Но каким образом я «его» высек?!
Дело было так.
Мы закусывали в «Старом Пекине»*. Выпито было изрядно, потому что стечение патриотов было неслыханное. Я рассказывал о подвигах последней ночи; другие — также. Соревнование было общее. Не знаю, каким образом разговор принял такой странный оборот, но помню, что я стал хвастаться. Я говорил, что и не так еще поступлю и что в будущую же ночь непременно «его» высеку.
Каналья немец (тот самый, который не мог сразу определить, какая у него душа) еще больше раззудил меня, выразивши сомнение насчет исполнимости моего намерения. Слово за слово, состоялось пари…
— Сто против одного! — бесновался я, — я ставлю сто рюмок, ты — одну! Принимаешь, скорлупная голова? (У немцев, — я это заметил, — головы всегда несколько прозрачны на свет!)
— О, я с удовольствием! — зудил проклятый немец, — но ви можете сичас же начайть плятить, потому что это никак невозможно… ви дольшен «его» взять… вести… смотреть… но висечь! — это́ невозможно! О, нет… это другой, а не ви*!
И словно бес-соблазнитель, он ежеминутно сновал мимо меня, мотал своей бараньей головой и повторял:
— Висечь — нет! не ви!
Наступила ночь. По обыкновению, я отправился в поход. Для крепости выпил. Как теперь помню, мы подошли к громадному дому, вызвали дворника и назвали фамилию. Он со двора указал нам квартиру в самом верху…

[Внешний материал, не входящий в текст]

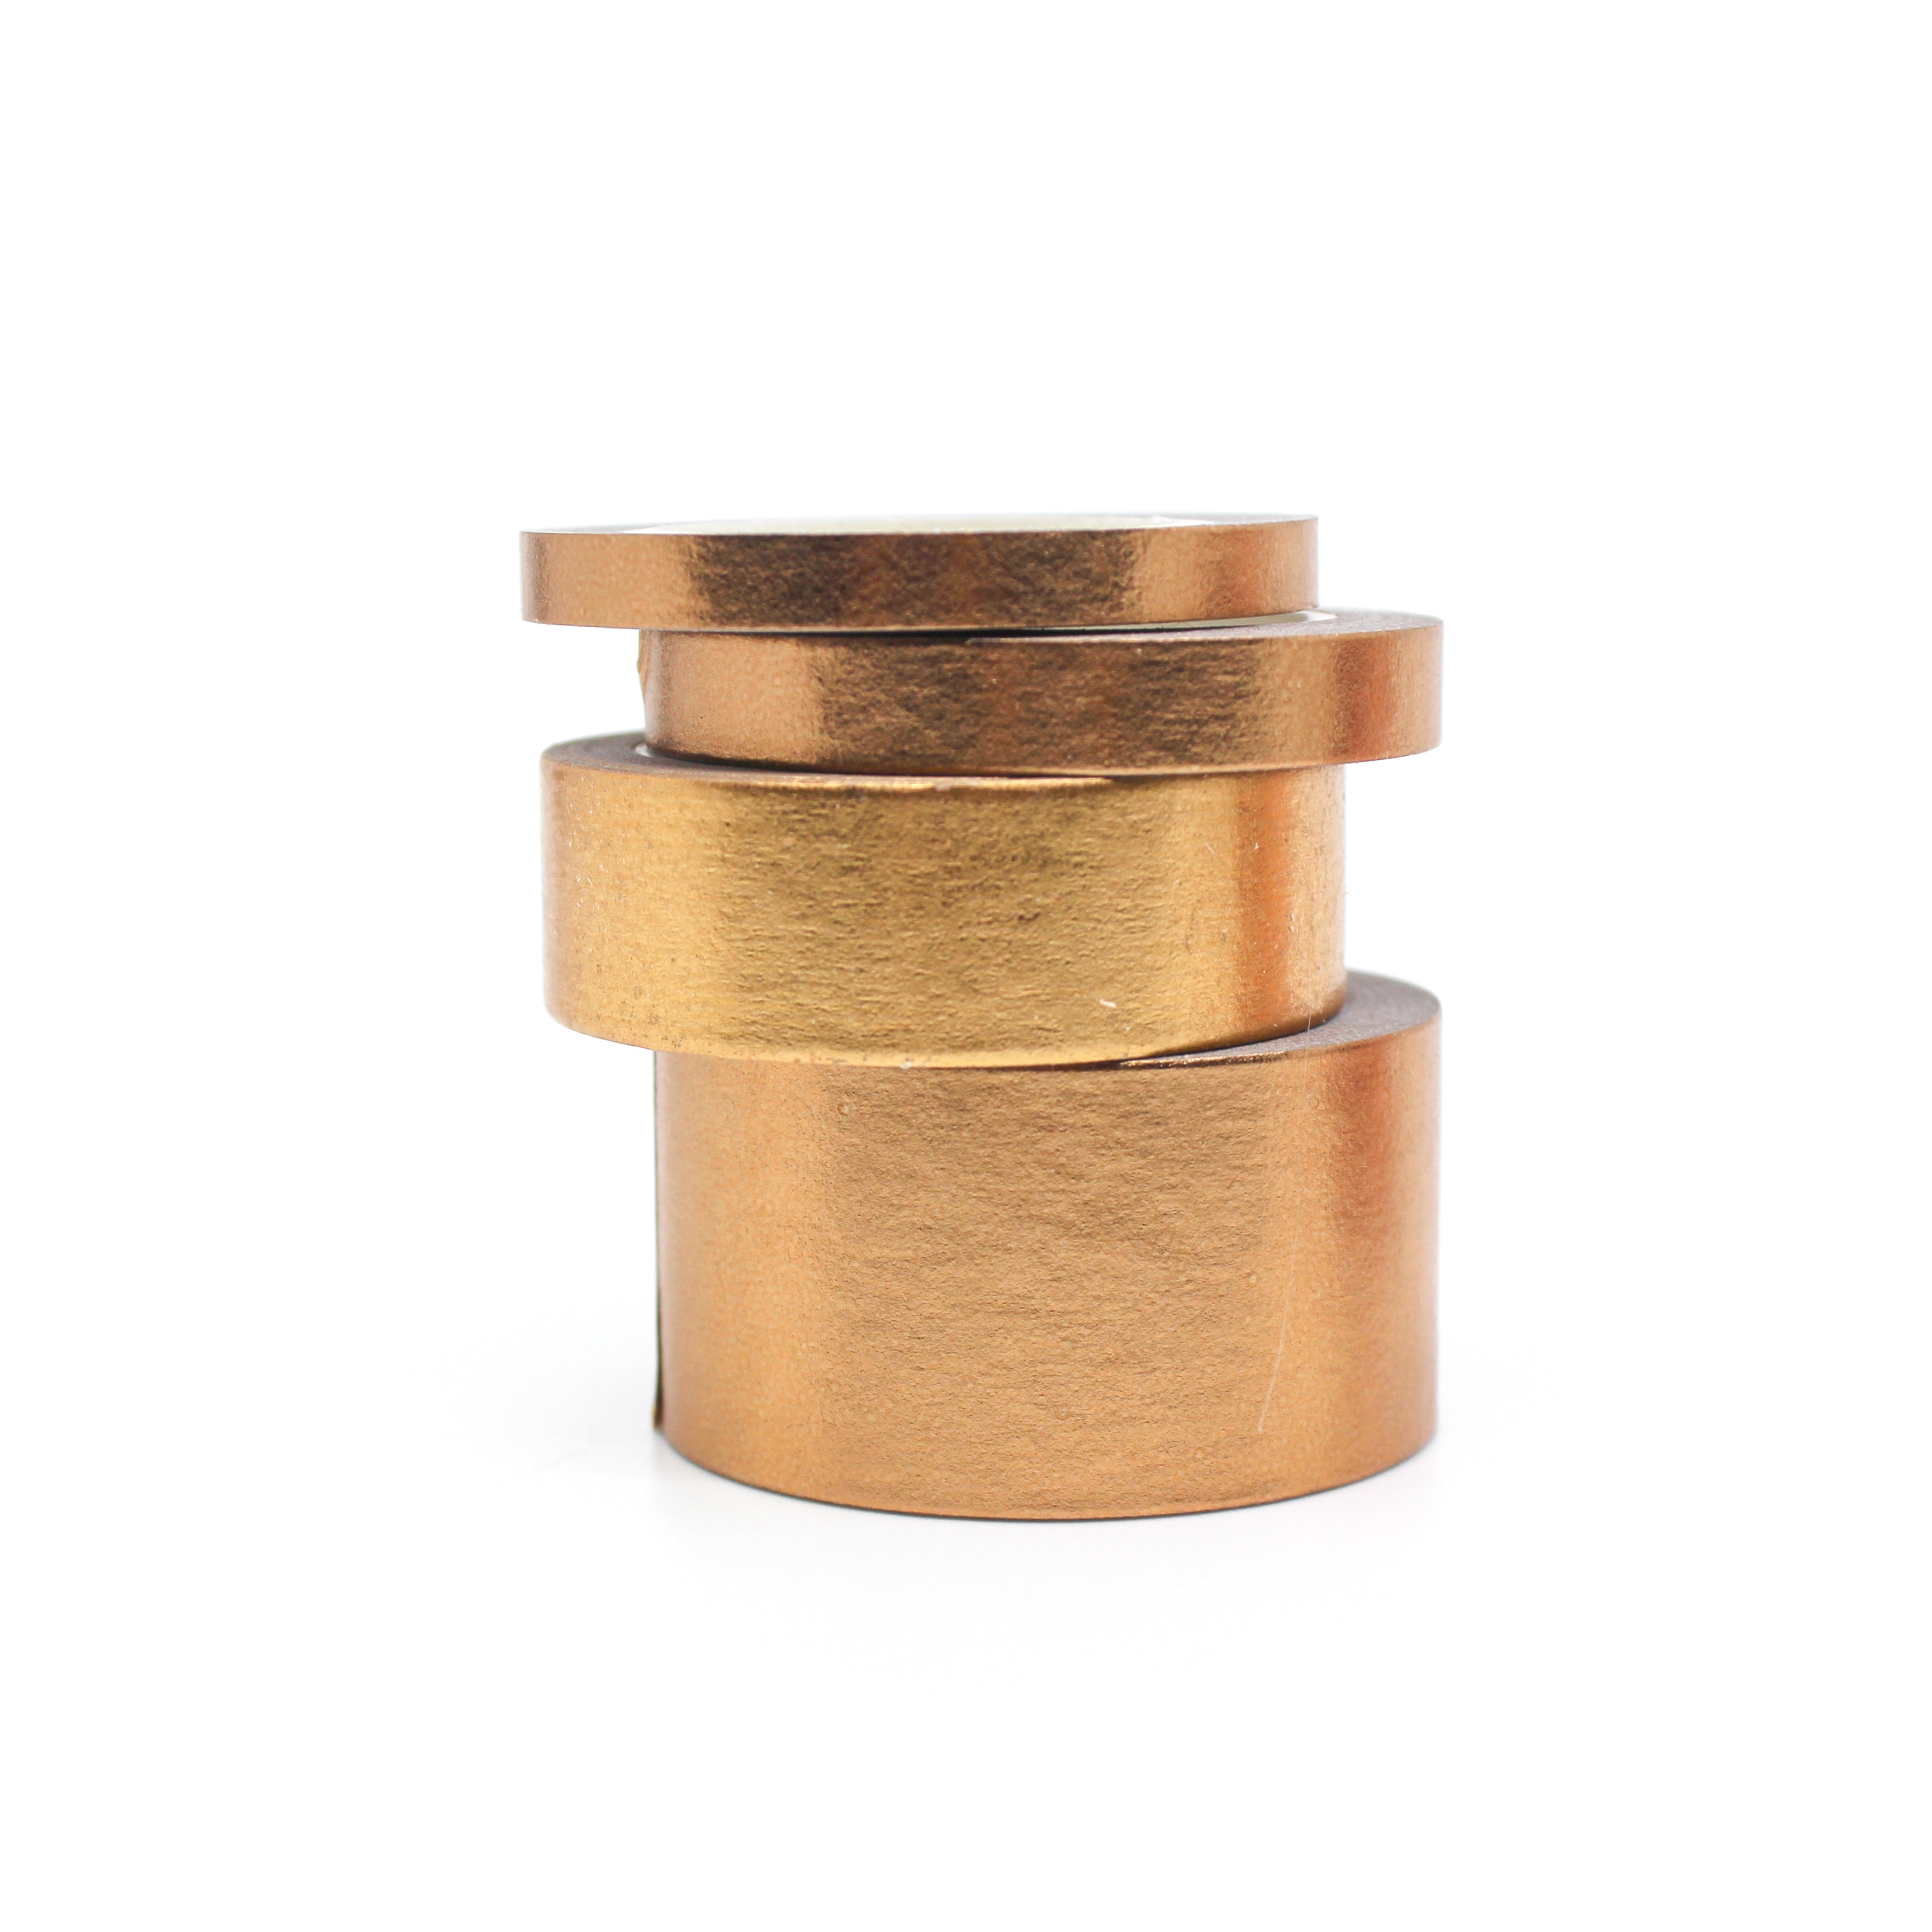 Add a touch of luxury to your crafts with our solid foil  washi tape, featuring a stunning metallic Copper finish that brings an elegant and glamorous flair to your projects. These solid foil tapes are only sold exclusively at BBB Supplies Craft Shop.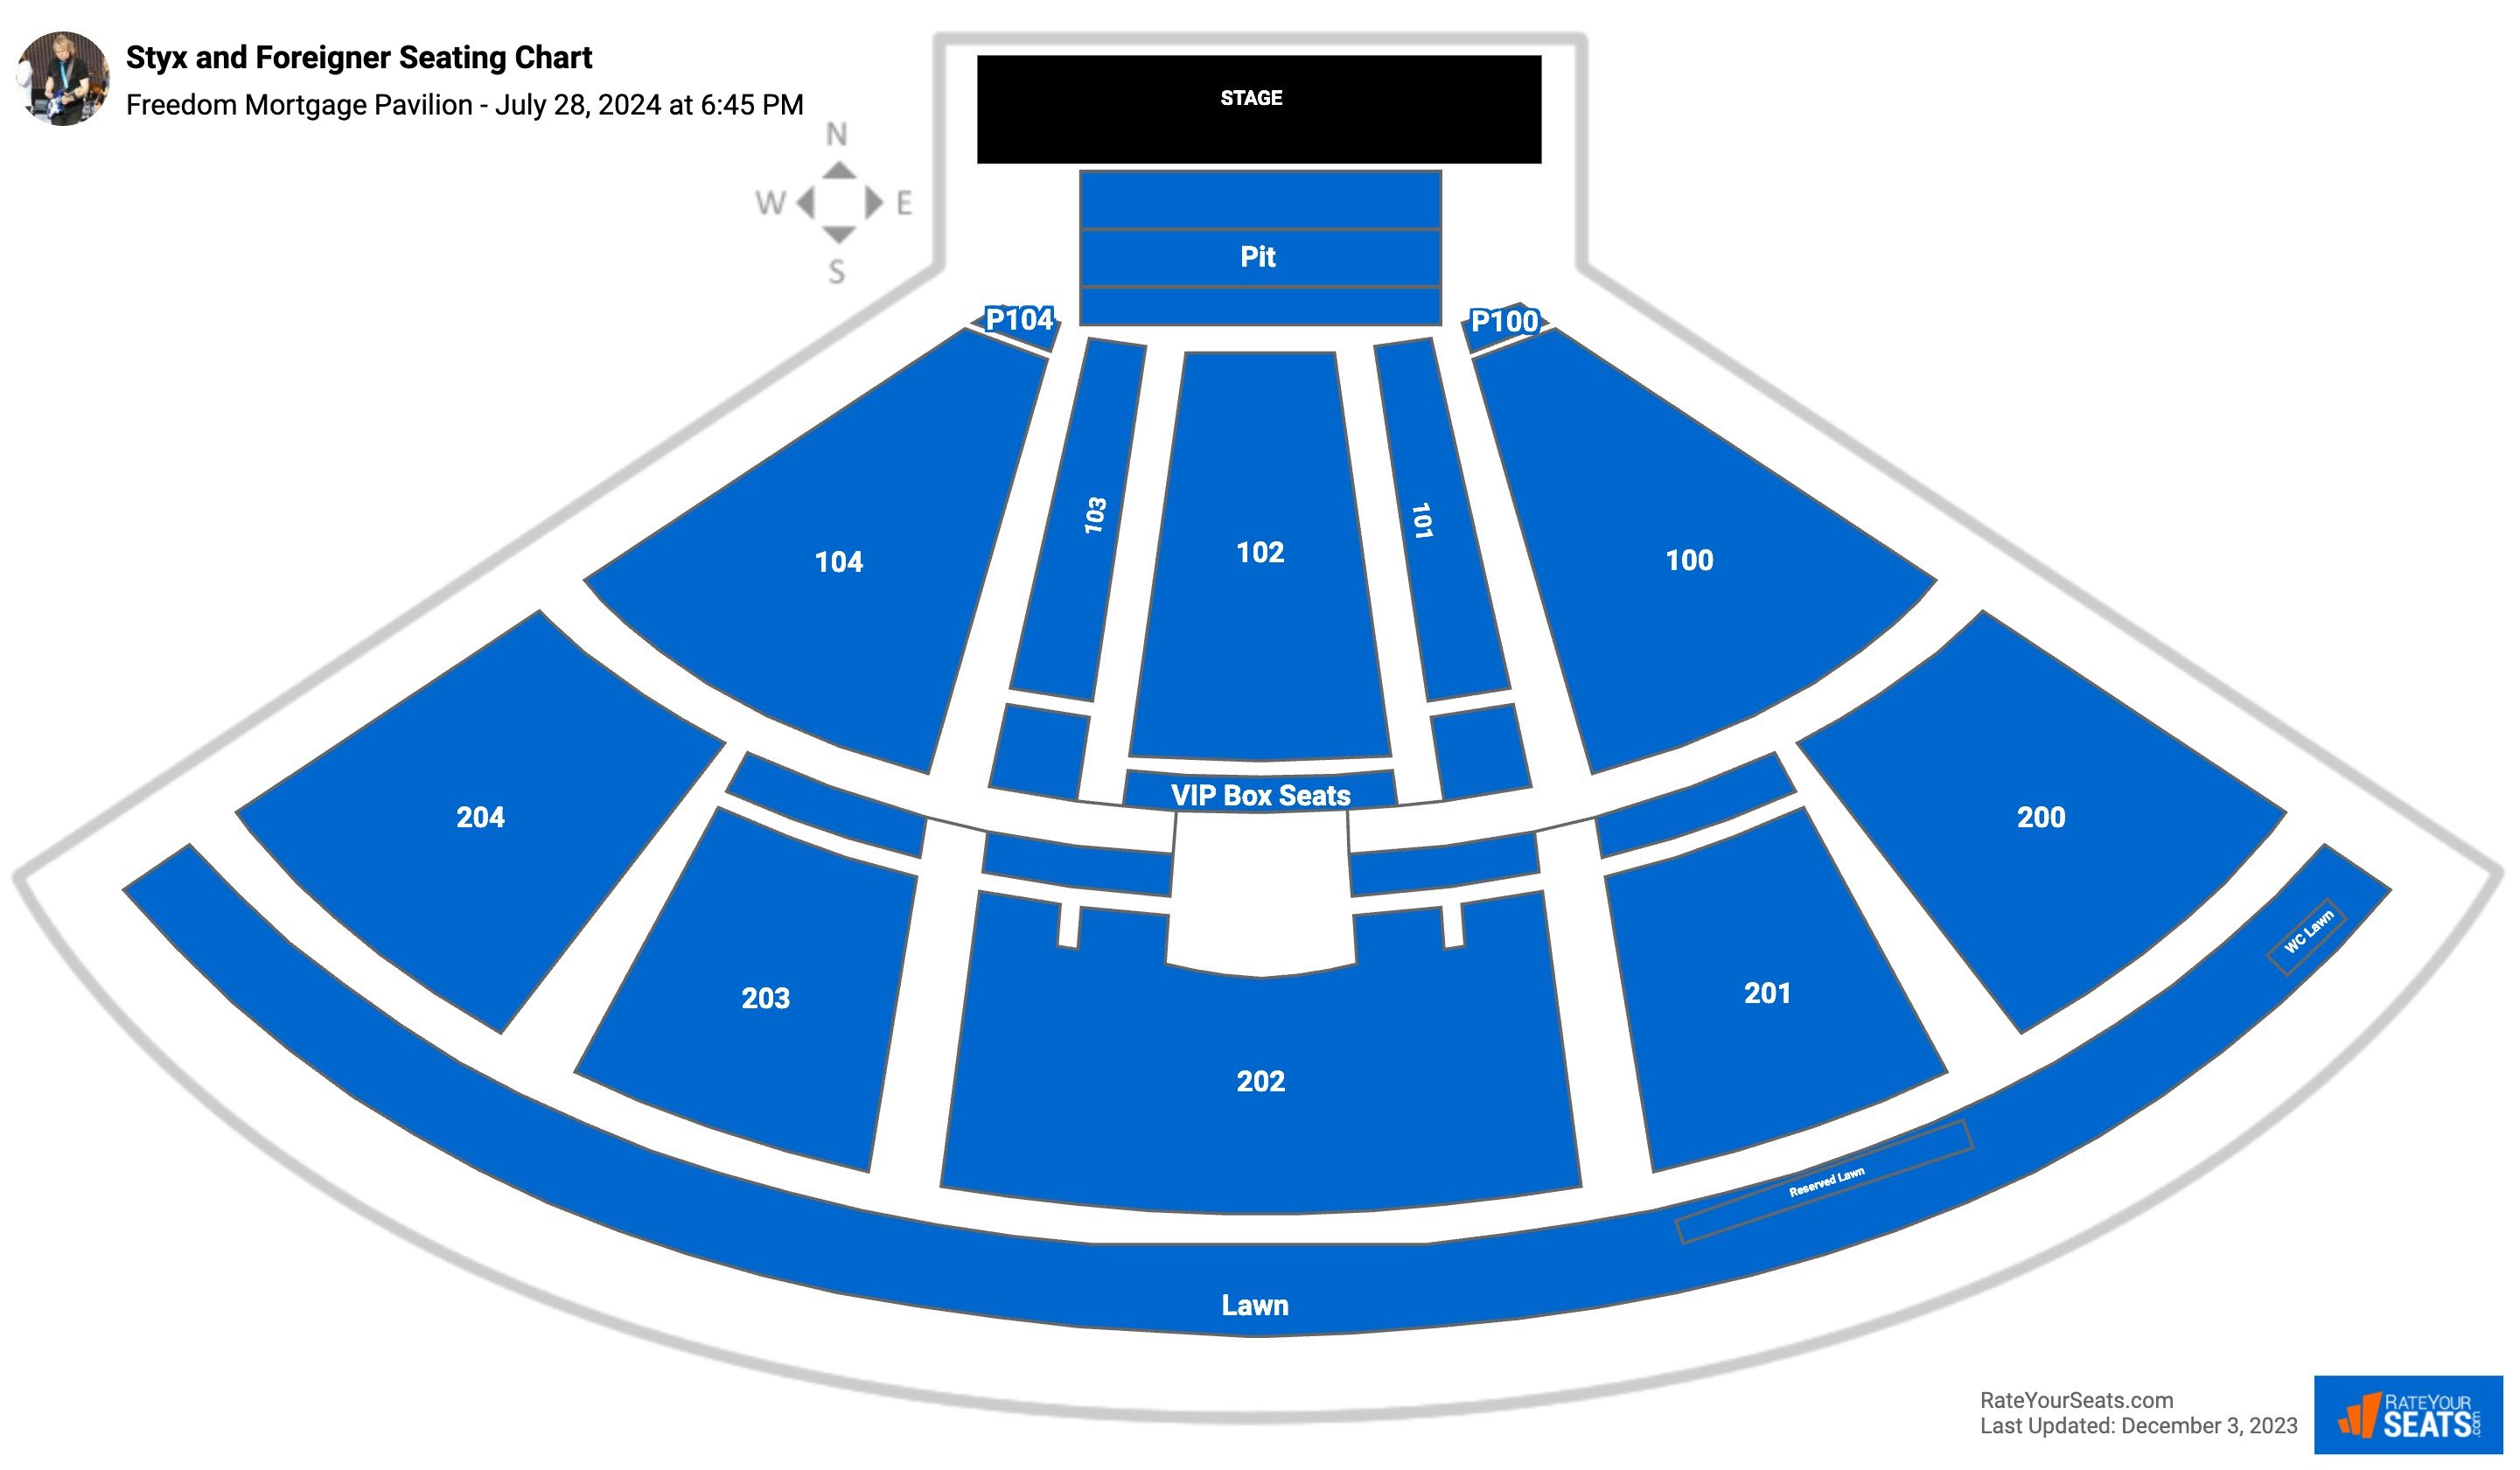 Styx and Foreigner seating chart Freedom Mortgage Pavilion

Сначала, когда мы были еще неопытны, мы всегда брали с собой дворника до самой двери квартиры. Но впоследствии стали неглижировать этой предосторожностью.
Мы что-то долго поднимались по лестнице, которая вдобавок была темна, черна и скользка. Наконец, порядочно утомившись, пришли к цели.
Едва успели мы один раз дернуть за ручку звонка, как «он» уже прибежал к двери и поспешно отворил ее…
По-видимому, это был человек не первой молодости. Лицо его было бледно и расстроено. Свеча дрожала в руке. Распахнувшиеся полы старого, истрепанного халата обнаруживали пару трясущихся ног. Никогда я не видал человека в такой степени виноватого…
— Всыпьте-ка ему десятка два детских! — сказал я с первого абцуга, обращаясь к своим товарищам.
Немец был тут же и только взмахнул на меня глазами.
«Он» был до того виноват, что даже не возражал. «Он» кротко лег и кротко же встал, не испустивши ни стона, ни жалобы.
— Ваша фамилия, ваши занятия? — сурово спросил я.
— Начальник отделения NN департамента, статский, советник Перемолов! — отвечал он, упираясь глазами вниз (очевидно, ему было стыдно).
Представьте мое изумление! это был… не «он»!!
Я пытался как-нибудь выпутаться и запутался еще больше. Мне следовало просто-напросто уйти, показав вид, что общественная немезида удовлетворена. Вместо того я уперся, перерыл всю его скаредную квартиру, думая найти хоть что-нибудь, хоть букву какую-нибудь, которая могла бы мне послужить оправданием. Разумеется, я ничего не нашел, кроме доказательств его душевной невинности… Тогда я стал придираться.
— Но как же осмелились вы, милостивый государь, вводить меня в заблуждение? — накинулся я на него.
Но он уже понял и, убедившись в своей невинности, начал обнаруживать твердость души.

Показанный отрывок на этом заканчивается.